A View of Vintners at Boxley Kent, 
with Mr Whatman's Turkey Paper Mills (detail), Paul Sandby, 1794
Source: Austenonly

Barrell points in his article to the influence of a series of essays by William Pyne, 'The Rise and Progress of Watercolour Painting in England' (1823-4), which traced the shift from 'tinted drawing' (of which Sandby was the chief exponent) to the modern school of watercolour painting.  For Pyne, topographical images were views of ancient sites that would appeal to the antiquarian, as opposed to landscapes - rural scenes where specific buildings were secondary.  Clearly modern artists like Girtin and Turner painted both kinds of view, but later writers tended to associate their approach with the word 'landscape', whilst 'topography' became synonymous with the earlier, less sophisticated style.  In the nineteenth century the British Museum's collection of landscapes was split between those deemed art - filed in the Prints and Drawings collection - and a large group labeled 'topography' which was kept with maps in the library.

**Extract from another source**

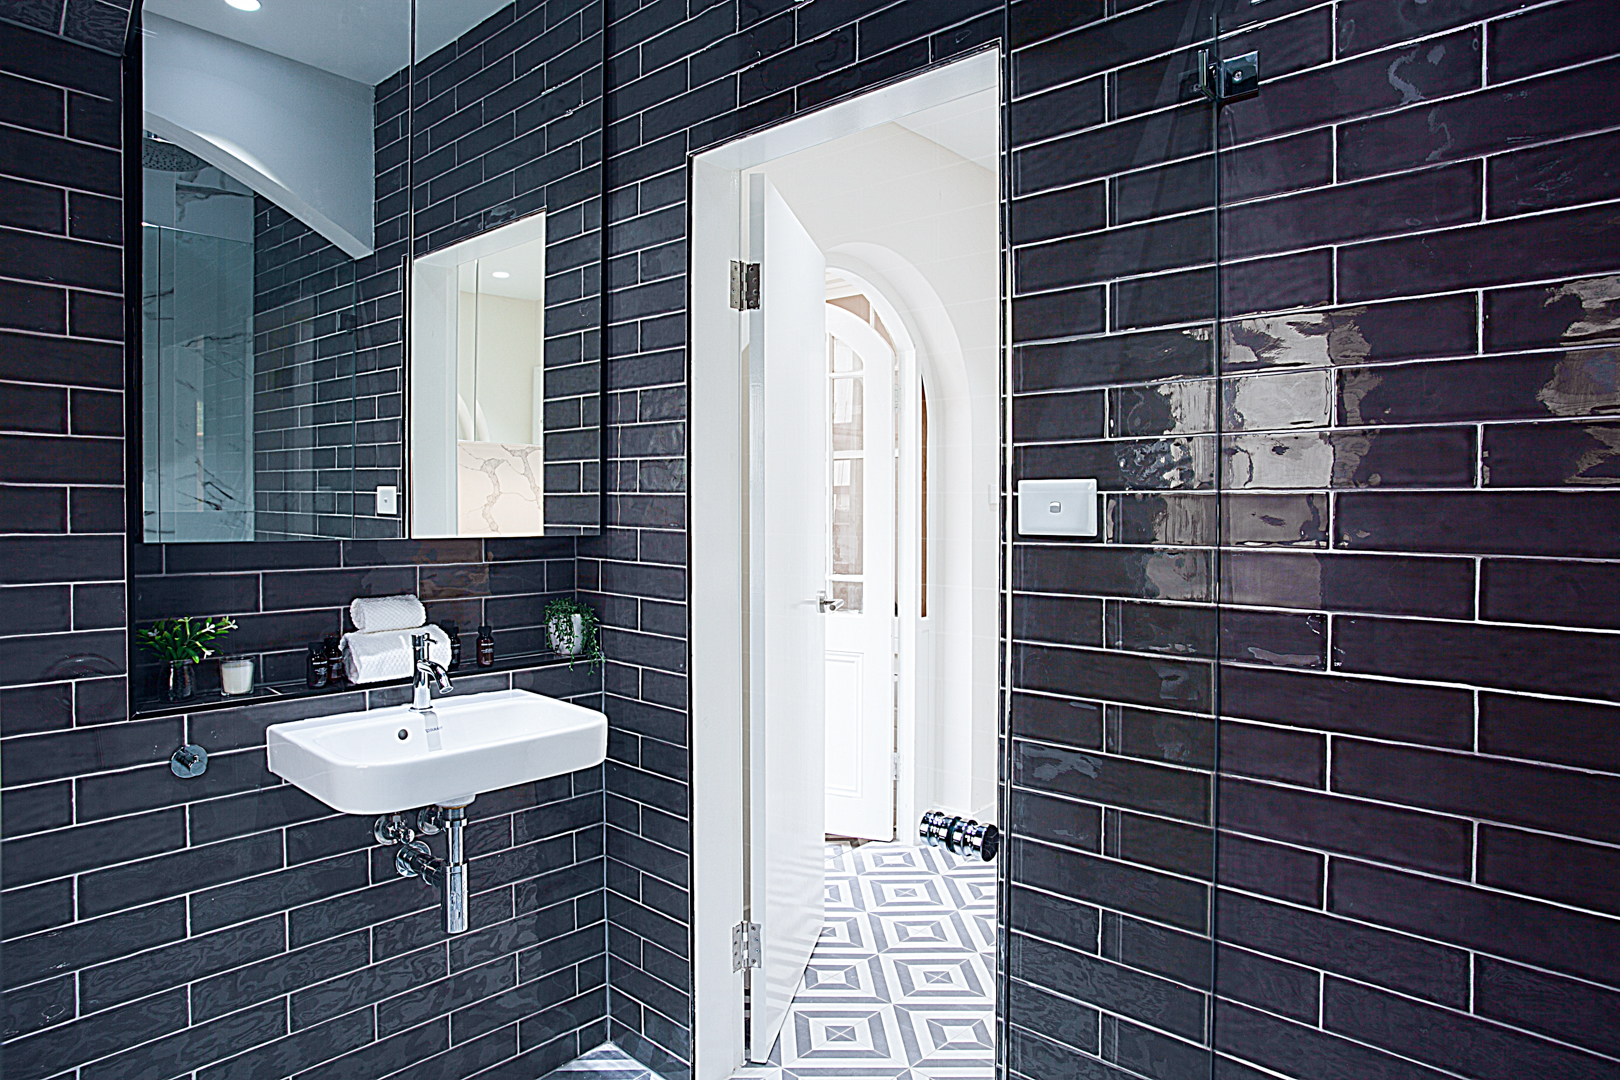 Black tiles at The Miller Apartment, The Rocks, Sydney
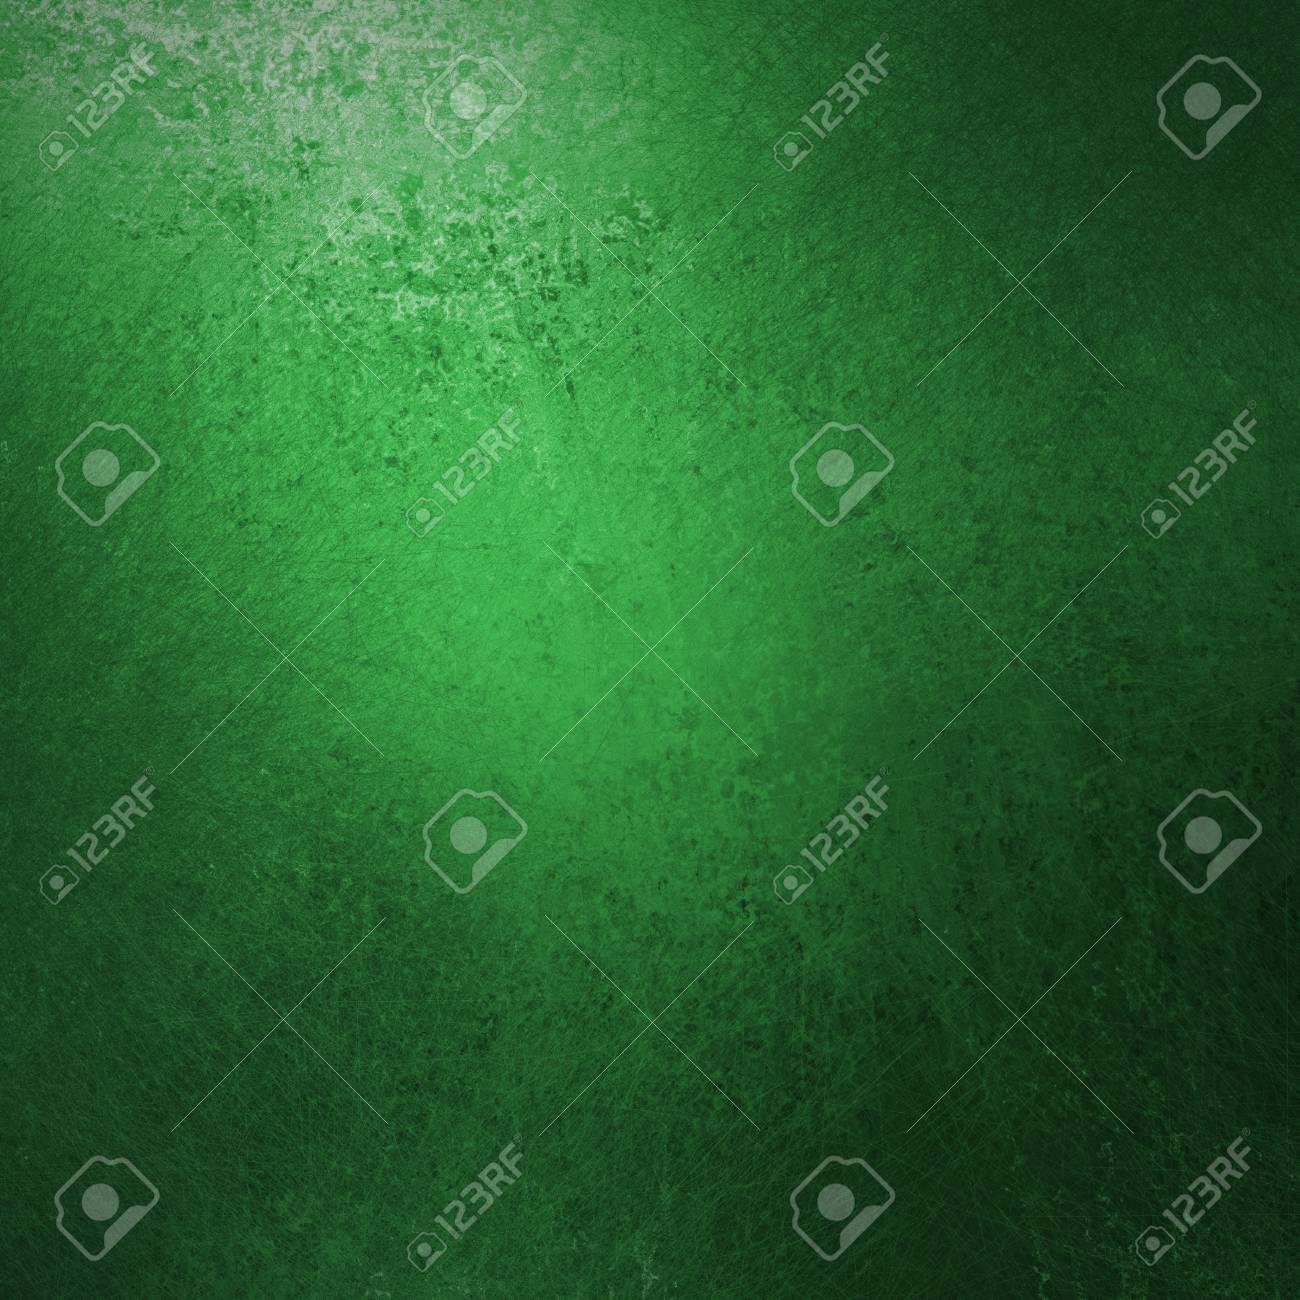 Green Background Stock Photo - 13143353

What did Paul Sandby's contemporaries understand by the word 'topographical' in relation to art?  John Barrell has been searching the online 18th century databases, checking the years between 1751 and 1800.  'I have had, in three separate searches over a fortnight, a total of between 2000 and 3000 hits for 'topographical'.  Sad I know, but that's what life is like for the semi-retired.'  Sad?  It sounds delightful fun, although I'm surprised there aren't students queuing up to help him.  Anyway, after stripping out repetitions, Barrell  reports that his pile of references was reduced down to 33: 'most of the time the adjective was used more or less as Pyne used it, in connection with images of old buildings of antiquarian interest.'  This suggests a much narrower sense of the word than we would expect given the range of scenes depicted by Paul Sandby and other 'topographical' artists.  As Barrell points out and the exhibition made clear, Sandby's landscape paintings are 'topographical' in the broader sense that we find in topographical writing - capable of conveying different aspects of a site's history, economy, architecture and natural features.  As such they may delight the cultural geographer (as Fuseli might now put it) but should also impress any interested contemporary viewer with what Stephen Daniels describes as 'the scope and intensity of 18th-century topographical art'.